Springer Nature is a global academic publishing company that advances discovery by publishing trusted research. Following the 2015 merger and subsequent growth with the acquisition of products, the company’s workflows became inundated with multiple systems and different data models driving article submissions from authors – a key business process. 

Data analysts across different teams would use several manual processes while navigating a complex ecosystem of multiple data stores to build an aggregate view of the business, identify trends and support data-driven decision-making.

This resulted in data silos, duplication of data due to multiple sources and difficulty in drawing insights to improve business processes. Data analysts struggled to derive business critical insights. This is where Sahaj stepped in.

A team of consultants from Sahaj built an aggregated submissions data model from different peer review systems for publishing scientific research papers. The objective was to aid and boost business teams’ efficiency while shielding them from changing data models or complexity in joining datasets, and eventually deliver better business outcomes

Unifying the Springer Nature Universe with Data Engineering

Consultants from Sahaj brought a product-thinking mindset to the table. The objective was to put the user first and design the product for self-service with focus on outcomes rather than outputs. The approach was rooted in foundational data architecture principles including distributed data ownership, robust data governance, prioritised data quality and the adoption of open standards to mitigate vendor lock-in and foster seamless interoperability.

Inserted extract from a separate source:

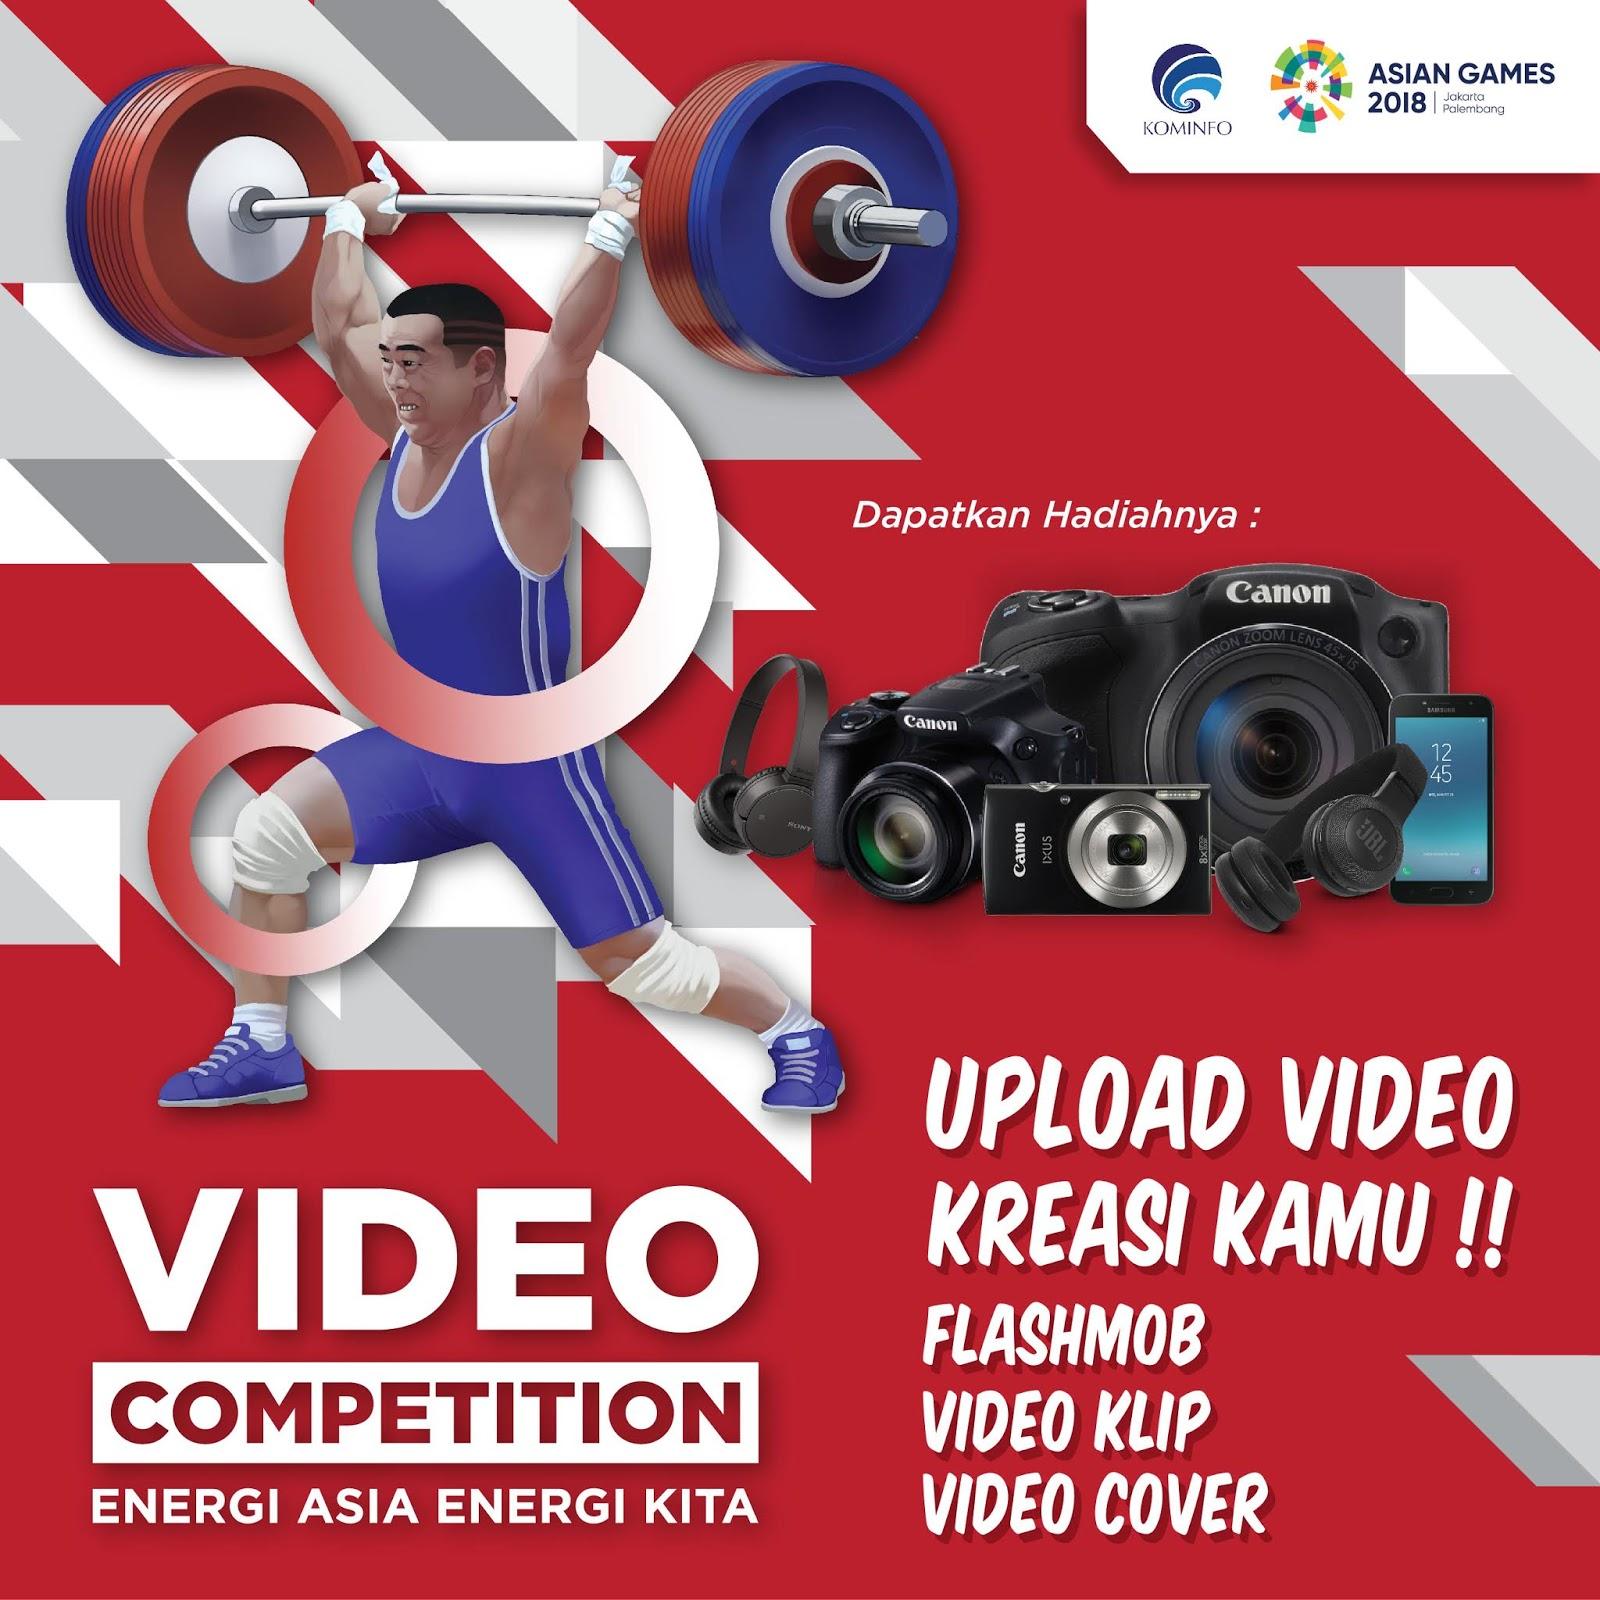 Download Lagu Asian Games 2018 Janger Persahabatan: Play Hard Work Smart

Below is a very high-level simplified view of the data landscape before Sahaj partnered with Springer Nature. Numerous data sources across the landscape made it tough for teams to compile consistent reports.

The team crafted a solution that would provide a single unified view of submissions across the business. This is how the data landscape evolved following Sahaj’s partnership with Springer Nature:

Core components of the solution included:

  • Automated Data pipelines to extract load and transform data from multiple submissions systems into a single data product with essential data elements that would allow several consumer-driven representations by combining with other available data products.
  • Data product built with embedded non-functional requirements and data quality attributes such as freshness of data, data lineage, alerts, monitoring and self-service support for the consumers. Data pipelines have been in production for over a year now; earlier, there were 1-2 production incidents per month on an average, all of which were reported by automated alerts and monitoring solutions in place. Time to resolution was about 8 hours on an average to detect and release a fix into production.
  • For the tech stack, we chose dbt for efficient, best-practice data transformation and model management. Apache Airflow was used to automate workflows for efficient data processing and scheduling, and providing a powerful, reliable solution for managing pipelines. re_data enabled upfront observability, helping us catch and rectify bad data in pipelines, ensuring a reliable end product.

Outcome & Impact

The Joint Submissions Data Product has resulted in a transformative impact on the business by unlocking new opportunities, improving decision-making and driving innovation across several business teams. Currently, the data product is used by over 32 teams across the business and this number is growing.

  1. Analytics teams across the business are using joint submission datasets to build meaningful reports that did not exist before. These reports have over 13,000 monthly page views and continue to increase.
  1. It serves as a critical data point that enables centralised strategic decision-making and aids increased content in collections. Collection reports built on joint submission dataset serve as a key metric to measure performance of collections and provide key insights to adapt new strategies for greater impact. 
  1. Business teams had a very complex data pipeline that was updated manually to understand rejections. They now update these reports daily. Step change is huge in what can be done with this data in driving content retention strategies.  
  1. With the rejection tracker report, business teams now understand the key areas of improvement for content retention. 
  1. Joint submissions data product has allowed the business intelligence teams to build a journal health dashboard to manage the articles pipeline and understand the bottlenecks in the process and provide actionable insights to the editorial teams that leads to reduced turnaround times. As a result, author experience is positive consistently.
  1. Business had an unclear approach to data matching when extracting reports prior to joint submissions data product. They now have a streamlined approach which delivers quality data daily to the end users. 
  1. The Transfers part of the data product allows end-to-end visibility into the journeys of authors and manuscripts within Springer Nature, enabling daily situational awareness of performance vs targets as well as creating the foundation for developing sophisticated content retention strategies.

Conclusion

Joint Submissions Data Product has built a solid foundation that will deliver business impact in the future both in terms of content acquisition and content retention. It has enabled business teams to make strategic data-driven decisions. The availability of basic submissions data in one place in a structured manner enables better business opportunities and the product continues to evolve as business use-cases grow.